5 p.m. — Today is my other group lesson day but there are tornado and flood watches in effect until 8 p.m. and it’s pouring. The barn owner is at an out-of-state show and waits until the very last second to cancel. I grab more coffee from Panera and head home in the rain.
6 p.m. — I feed A. and S. and make a seared chicken breast for W. and myself with a salad on the side. We watch TV and I go to bed relatively early. I’m working from home tomorrow.
Daily Total: $0
Day Seven
7:30 a.m. — Wake up and handle some chores (feed the cats, change the litter boxes, fresh water in the bowls, laundry — the usual). I go and grab coffee from Panera then come home and hop on a demo call at 9 a.m. A sales rep from a vendor related to my field offered me a gift card to attend a demo. This used to happen to me all the time in my last job. I’ve gotten hundreds in gift cards, AirPod Pros… My former colleague got a Ninja CREAMi. I’m not in this for the perks but I won’t turn them down.
10:30 a.m. — I get started on an audit my boss assigned me and there seems to be an inordinate amount of data that is inconsistent. I message my boss on Teams and he says he’ll take a peek. I start a Udemy Excel course that work paid for, because I don’t want to keep working on the audit if I screwed something up.

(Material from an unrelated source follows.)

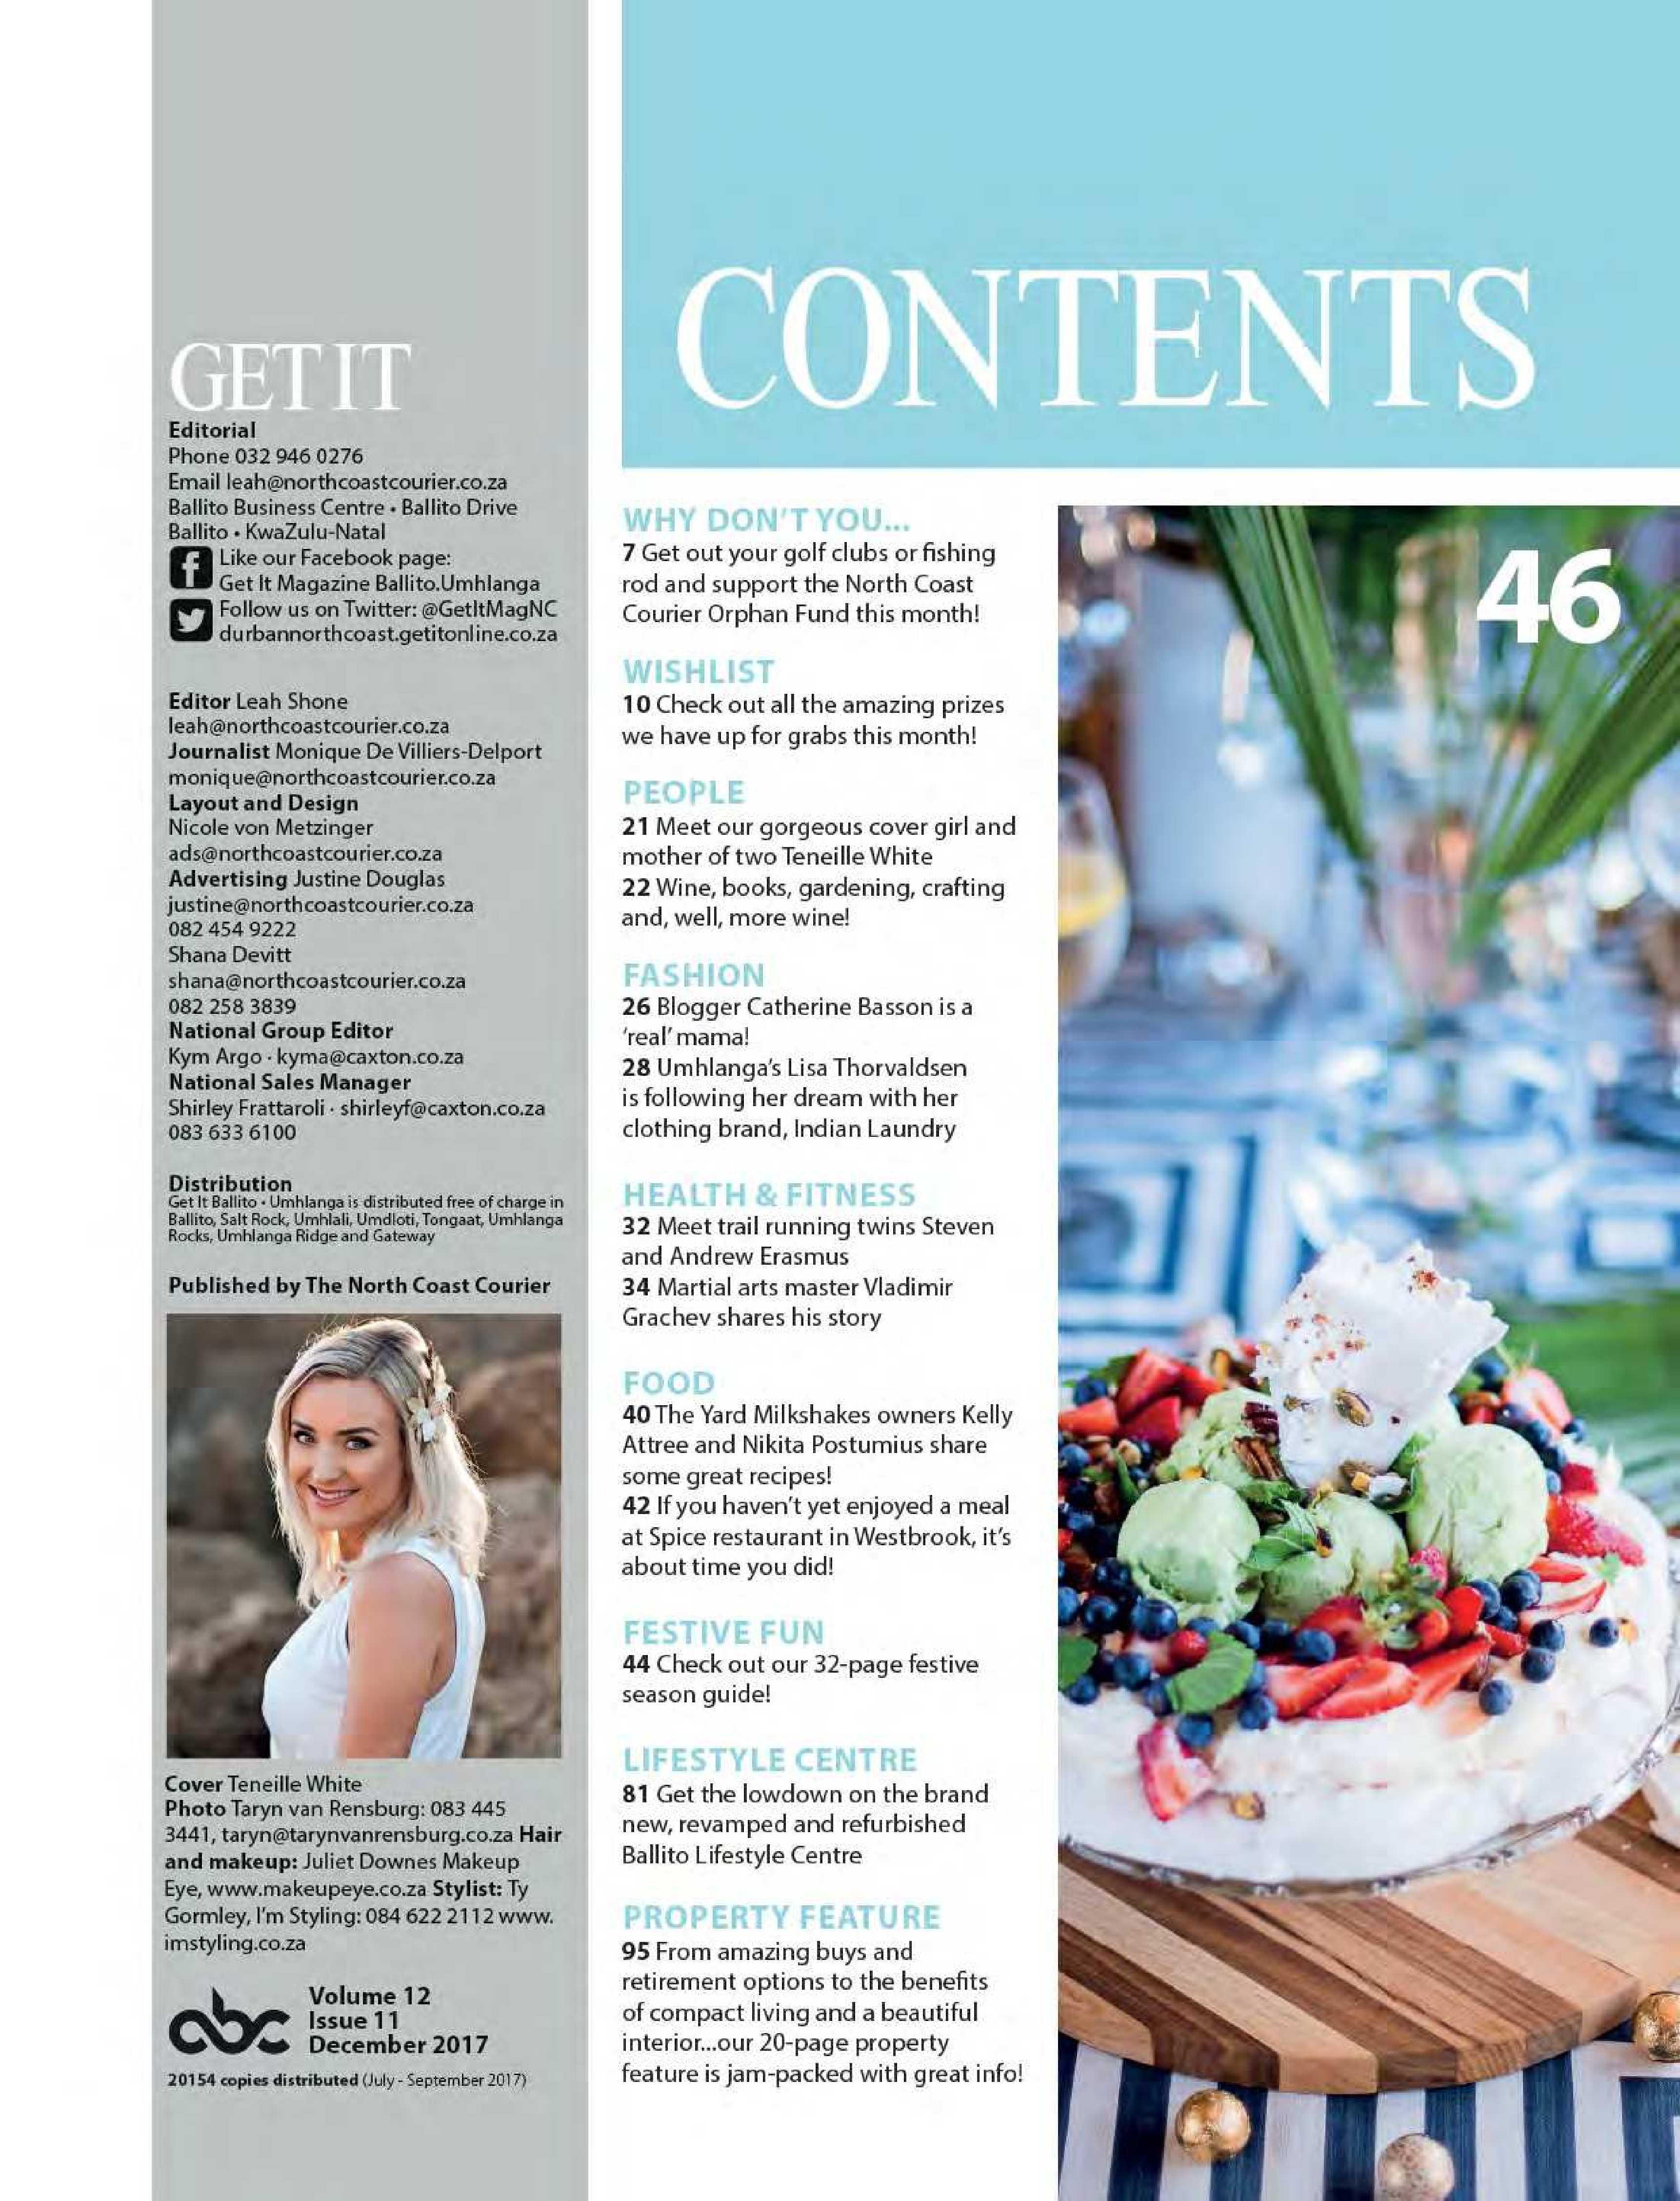 get-magazine-ballitoumhlanga-december-2017-january-2018-2-epapers-page-7

2 p.m. — My boss calls me on Teams. My hair is a mess and I’m wearing a shirt I probably wouldn’t wear at the office but oh well. The office is super casual, I’m just making a concerted effort to look presentable — I’ve even been putting on mascara on in-office days, which is a big deal for me, lol. But it is what it is today. My boss lets me know I did the analysis correctly but he wants me to hold off on the next step because the way he trained me will take far too long. He says he’ll send me a different query to run and to hold off until then, so I spend the rest of the workday on Udemy. I create a budget in Excel. I’d been kind of avoiding Excel before now but like 90% of my new job is Excel so I’m working hard to improve my proficiency. I love it so far! It’s so logical.
5 p.m. — I need to go to Panera for Dr Pepper for W. (this is covered by the Unlimited Sip Club). My former coworker calls me and spills the tea on drama at my former place of work. I am so happy I’m not there anymore. I prep dinner then W. and I go to our Friday night babysitting gig. I read a couple of Money Diaries while babysitting then W. and I head home, have the spaghetti dinner I made and head to bed. We have adult horse camp this weekend! Sometimes I manage to force W. to begrudgingly do horsey things with me.